Having no or limited access to period products hold girls back in so many ways.
- Health: women and girls can be put at risk if they're unable to access a sufficient amount of period products. Around the world, those who suffer from period poverty are forced to use dirty rags which can cause infection. And there are many who still use folded-up toilet roll as a substitute for a pad- the Breaking Barriers report found that more than one in 10 girls had to improvise with toilet paper during their period due to lack of supplies.
- Education: research carried out by PHS found that in 2021, 35% of teen girls had taken time off school because of their period, compared to 27% in 2019. 28% had done this more than once, and one in four said that they weren’t able to complete school work because of their period. 26% felt they had to stay home because of their period, and its predicted that 40% will be likely to miss school or college over the next year due to their period. The impact of this? Lost opportunities: a greater risk of dropping out of eduction completely, and fewer job opportunities overall.
- Period shame: being unable to afford to buy period products and having to ask for them is still a source of embarrassment for girls and women. Having easily accessible products for everyone would remove this stigma.
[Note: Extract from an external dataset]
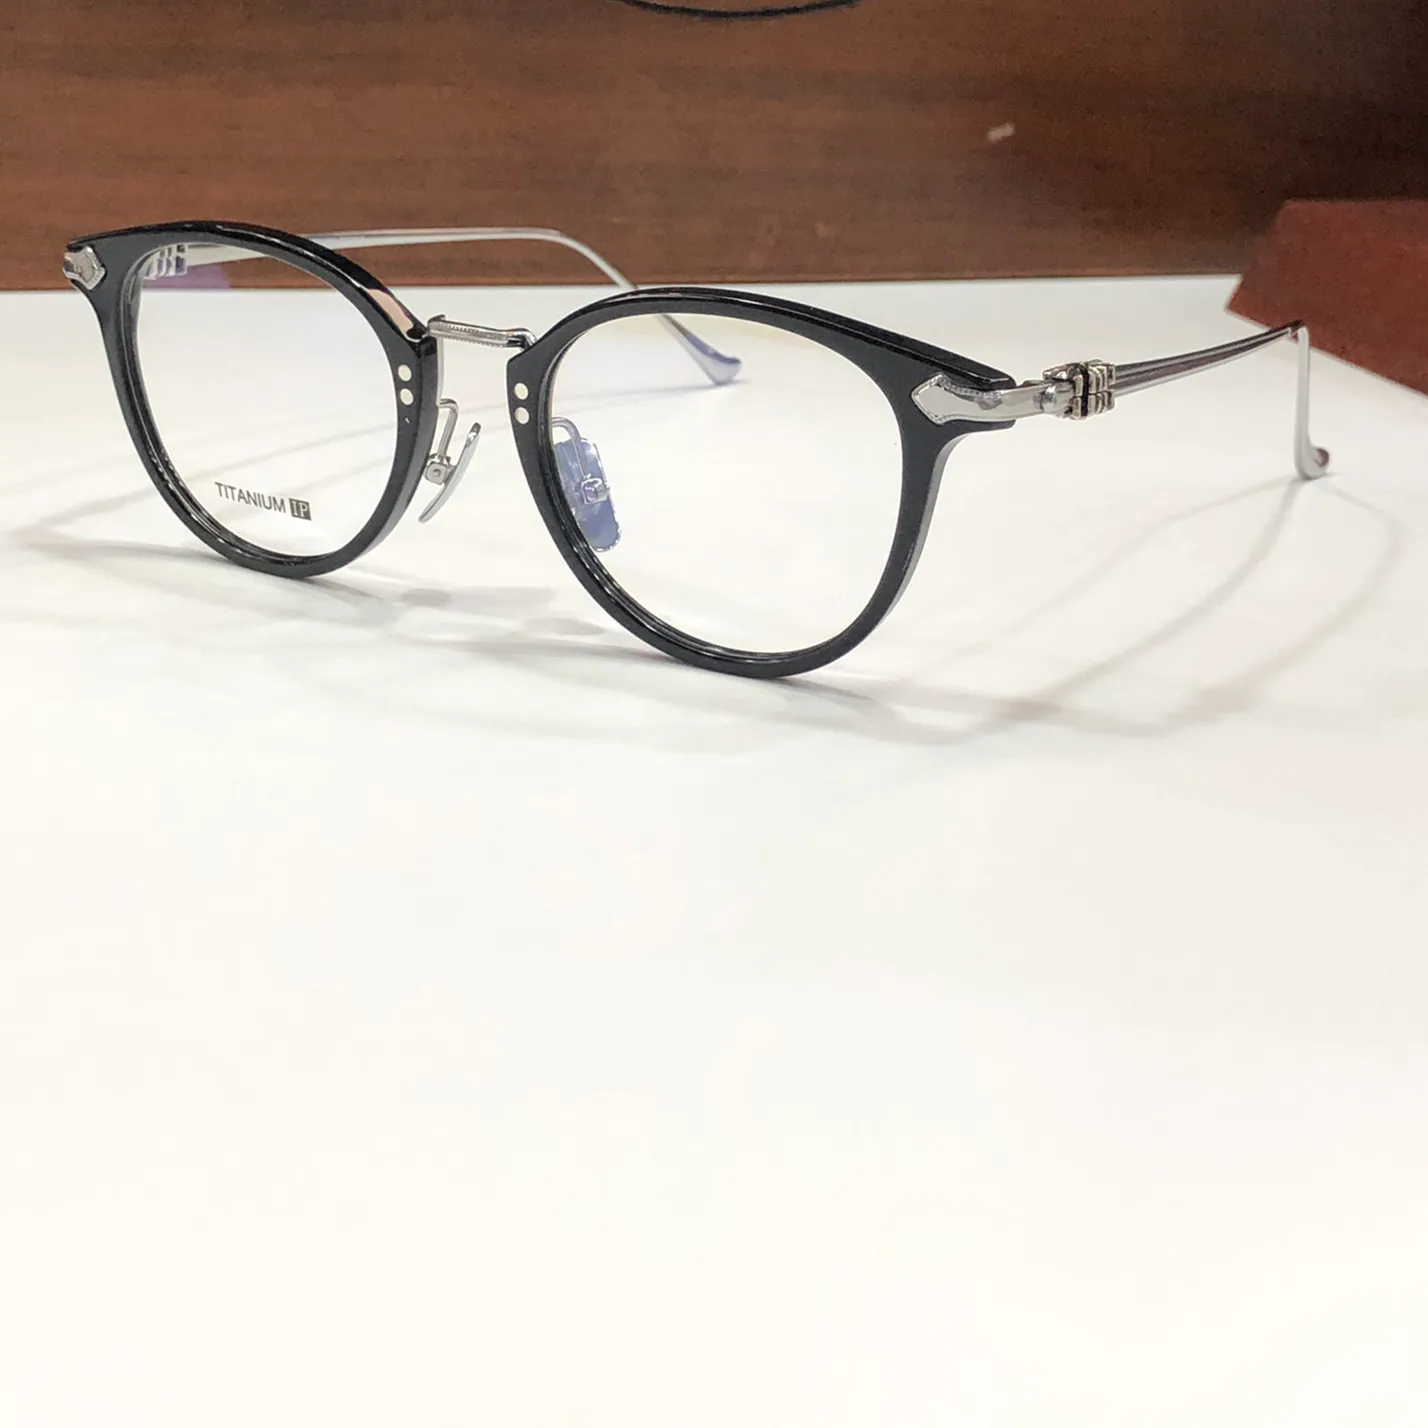 Fanx Huney lunettes lunettes argent noir cadre clair lentille hommes femmes mode lunettes de soleil montures lunettes avec boîte

How can we end period shame?
Why are we still so ashamed about something as natural as bleeding? Periods are normal. They’re a part of life.
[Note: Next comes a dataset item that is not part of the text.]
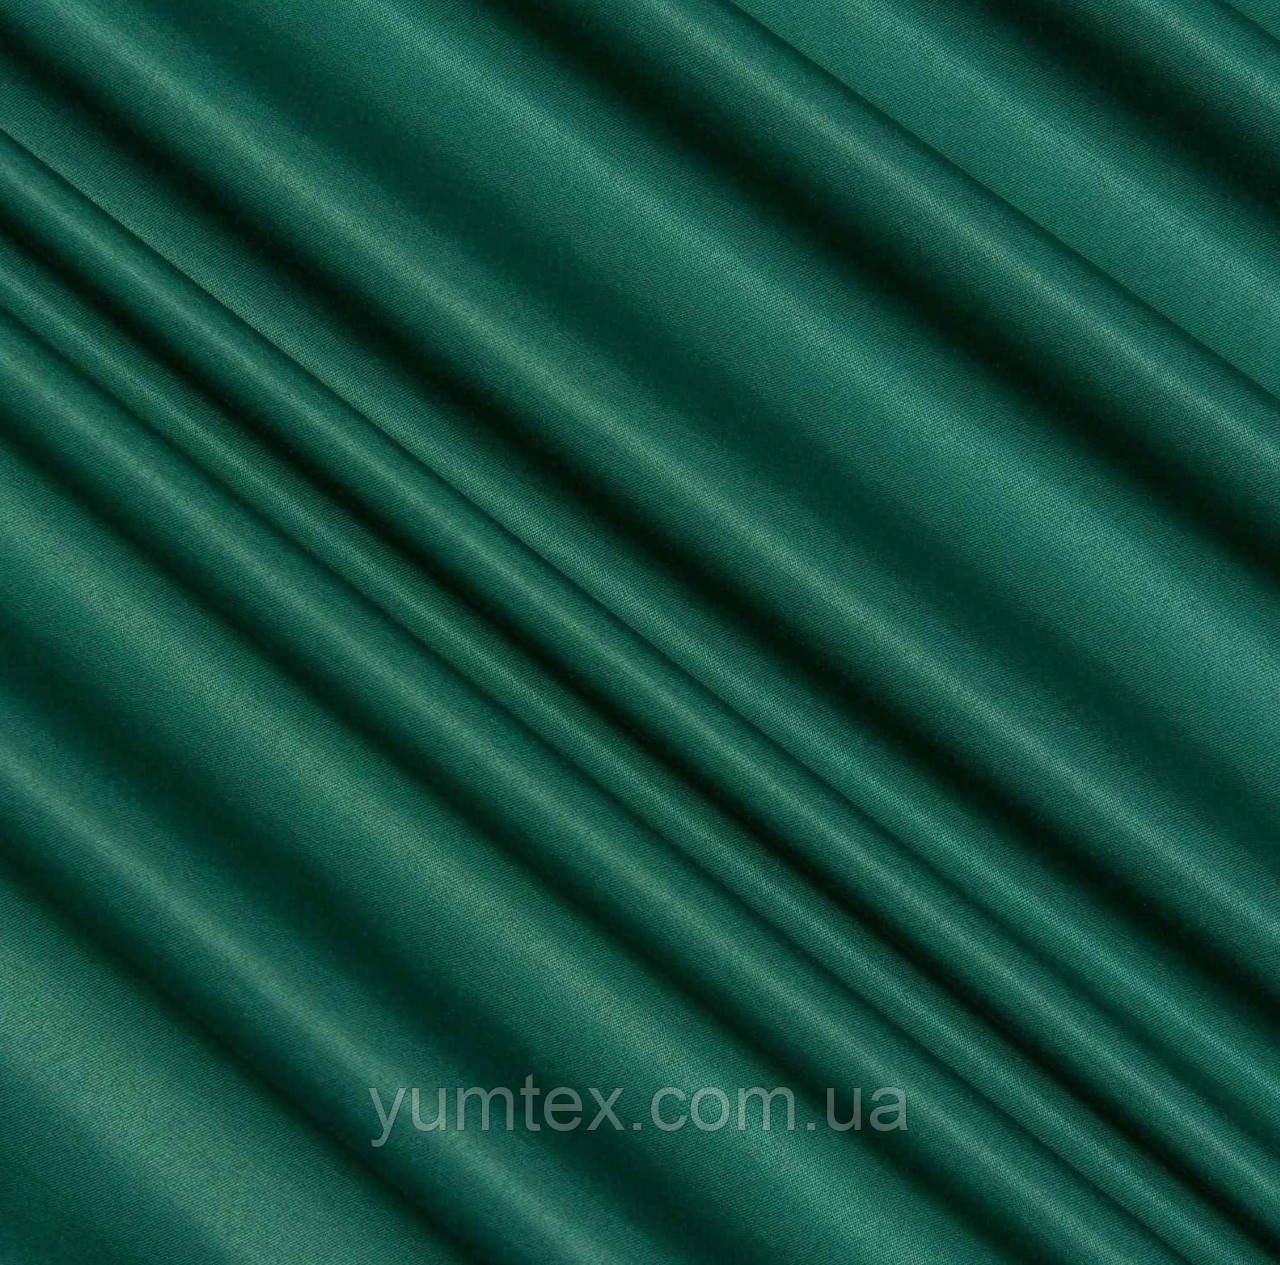 Тканина грета водовідштовхувальна 53% бавовни для халатів комбінезонів спецодягу костюмів роби темно-зелена

Those of us who bleed quite literally hold the power of reproduction. Our bodies bleed because we’re simply releasing eggs. Our ovaries release oestrogen and progesterone and our uterus lining builds up in preparation for a fertilised egg. When there is no fertilised egg, the lining breaks down and bleeds. That is a period.
There is nothing shameful, in fact it’s quite the opposite. The female reproductive system is amazing!
How can we end period poverty?
We won’t end period poverty if we stay quiet about it. This is a global issue that millions of girls and women face around the world, and we need to make changes. We need better education, and we need the support of governments and health organisations too.
Better education on the menstrual cycle will help to break down taboos- and this is essential for both boys and girls. We need better facilities for girls and women, including better access to safe and hygienic period products. We need to support the charities that support those who cannot afford period products, and we need to work together to make it known: periods are not a luxury. Menstrual care is a basic human right.
Choose period products from brands who support ending period poverty. If you can, donate to local and global charities that work to give access to period products. Stand up for women's rights by attending events and marches. Sign petitions, donate products, educate yourself and others.
We can end period poverty, and we must.
What is causing period poverty?
The main causes of period poverty are:
- lack of access to period products
- Lack of funds to buy period products
- Benefit cuts
- Lack of supply
- Abuse and neglect
Who is most affected by period poverty?
Period poverty can affect any girl or woman who doesn’t have access to safe and hygienic period products. Its a global issues, yet here in the UK 30% of girls and women say they cannot afford period products, and 54% admit to using toilet paper instead.
- Educating ourselves and others
- Supporting period poverty charities and brands who support the charities
- Attending marches and events that raise awareness and money for ending period poverty
How does period poverty affect girls?
Lots of girls and women have missed sport, work, school and other events due to their period, and its predicted that 40% will miss out on education this year due to their period.
This leads to lack of education and less job opportunities in later life. Period poverty also leads to fear and anxiety and this can lead to mental health issues.